As I stated yesterday, the government has now doubled-down and went all in with a strategy that gives me the impression it will either be wildly successful and fix all of our economic problems or it will turn out to be a disaster of unmitigated proportions and future generations will look back on now as the days when the mighty dollar died. If you don't know what I'm talking about, you can check out yesterday's post for greater detail, but they refer to it as Quantitative Easing. A few days ago, the Fed waved its magic wand and presto-poofed $1.2 trillion into existence out of thin air and used it to buy Treasury bills. We are now borrowing money from ourselves. Or, to put it in even greater perspective, it's as though you took a $20 bill out of your left pocket and put it in your right pocket, all the while pretending it's new money you didn't have a moment ago. Now, anybody with working gray matter in their skull knows that if you did that and spent as though you still had a $20 bill in each pocket instead of just the one, you would quickly find yourself in big, big trouble.
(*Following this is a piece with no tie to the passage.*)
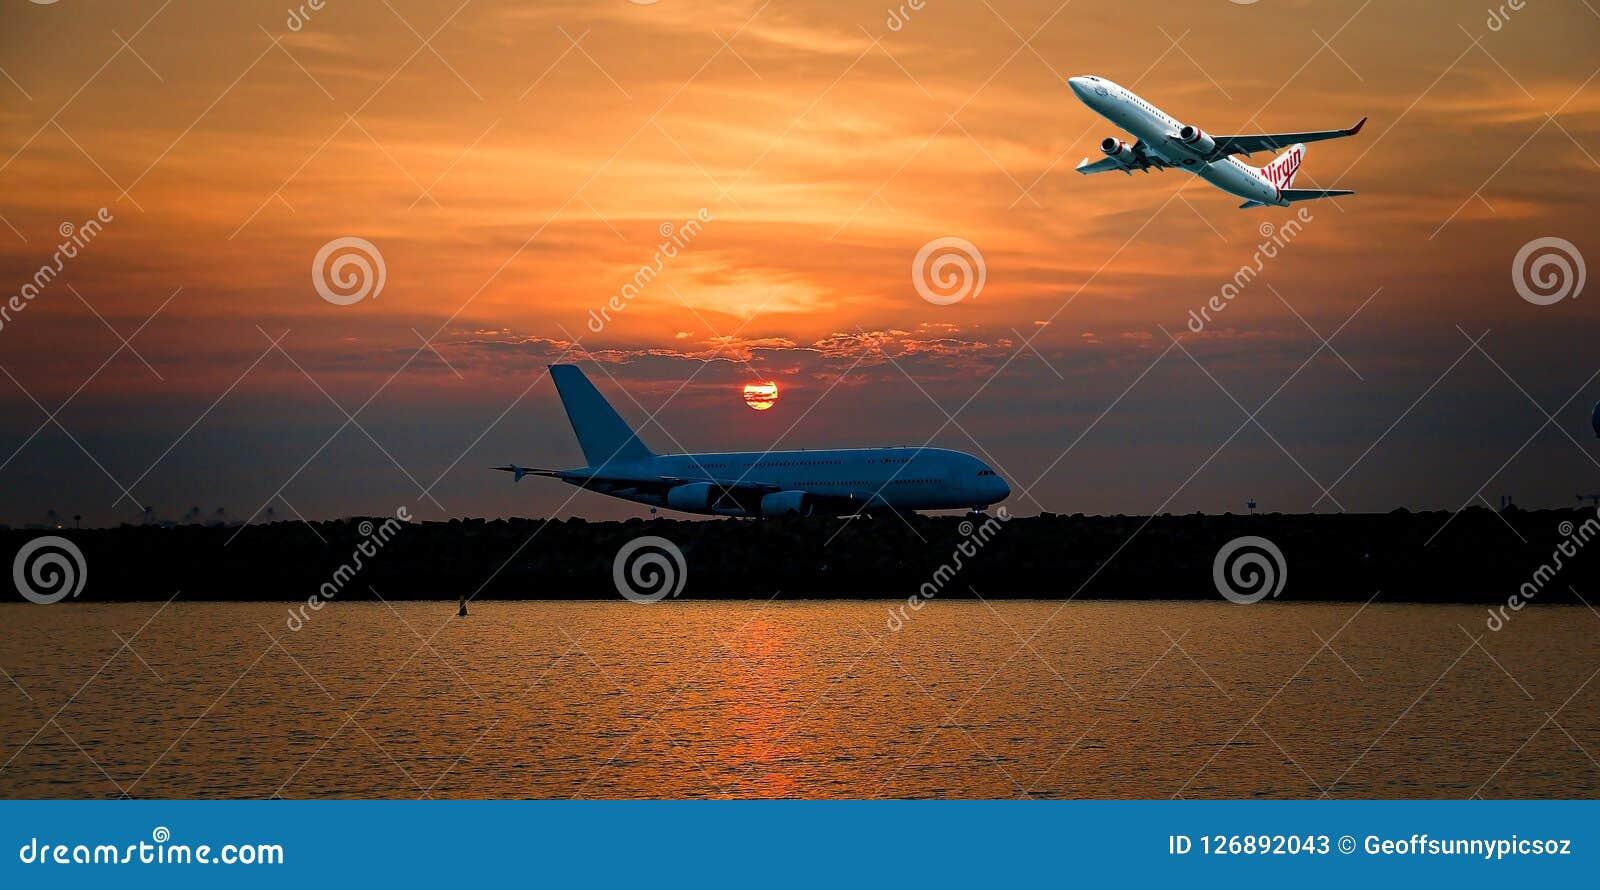 Aircraft in flight with cirrus cloud in orangge sky. Australia.

But when the government does it, it's okay. Huh? Am I missing something here?

Anyway, if you're a regular reader you'll know that I stated yesterday that I had feelers out to folks who are much smarter than me when it comes to economic issues and that I would report back. In response, an old friend of mine who spent several years handling other people's money on the futures markets among other things sent me several articles on the subject that I want to share with you. First, the Mogambu Guru states, "...bonds will fall in price as interest rates rise a lot, because inflation in prices will rise a lot, because the money supply will rise a lot, because the ridiculously childish and simplistic Obama administration and Democratic Congress is promising to deficit-spend a couple of trillion dollars this year, which is a lot, almost all of which will be a lot of new money created by the despicable failure known as the Federal Reserve, and just for the purpose. Of course, nobody is listening to me, as it is nothing new, and I have been whining and complaining about this same stuff since 1991 and I have been really screaming my guts out in fear about it since 1997 when that creepy little bastard Alan Greenspan made the Federal Reserve start creating money and credit with what some could call 'reckless abandon', but which I officially refer to as 'suicidal insanity that you can see by just standing up and looking around, and so how do you like your benign-sounding ‘reckless abandon’ now?'"

Further, he goes on to say, "...this idea to increase the money supply by printing money is the Single Stupidest Idea (SSI) in the whole history of economics for the last 4,500 years, and the reason that no nation does it is because it shows a serious mental defect in that nation’s leaders, its universities, its news media, and the people themselves because it is truly, truly stupid because it is truly, truly catastrophically ruinous every time anyone has tried it." (source: http://www.dailyreckoning.com/quantitatively-easing-into-a-stupid-idea/)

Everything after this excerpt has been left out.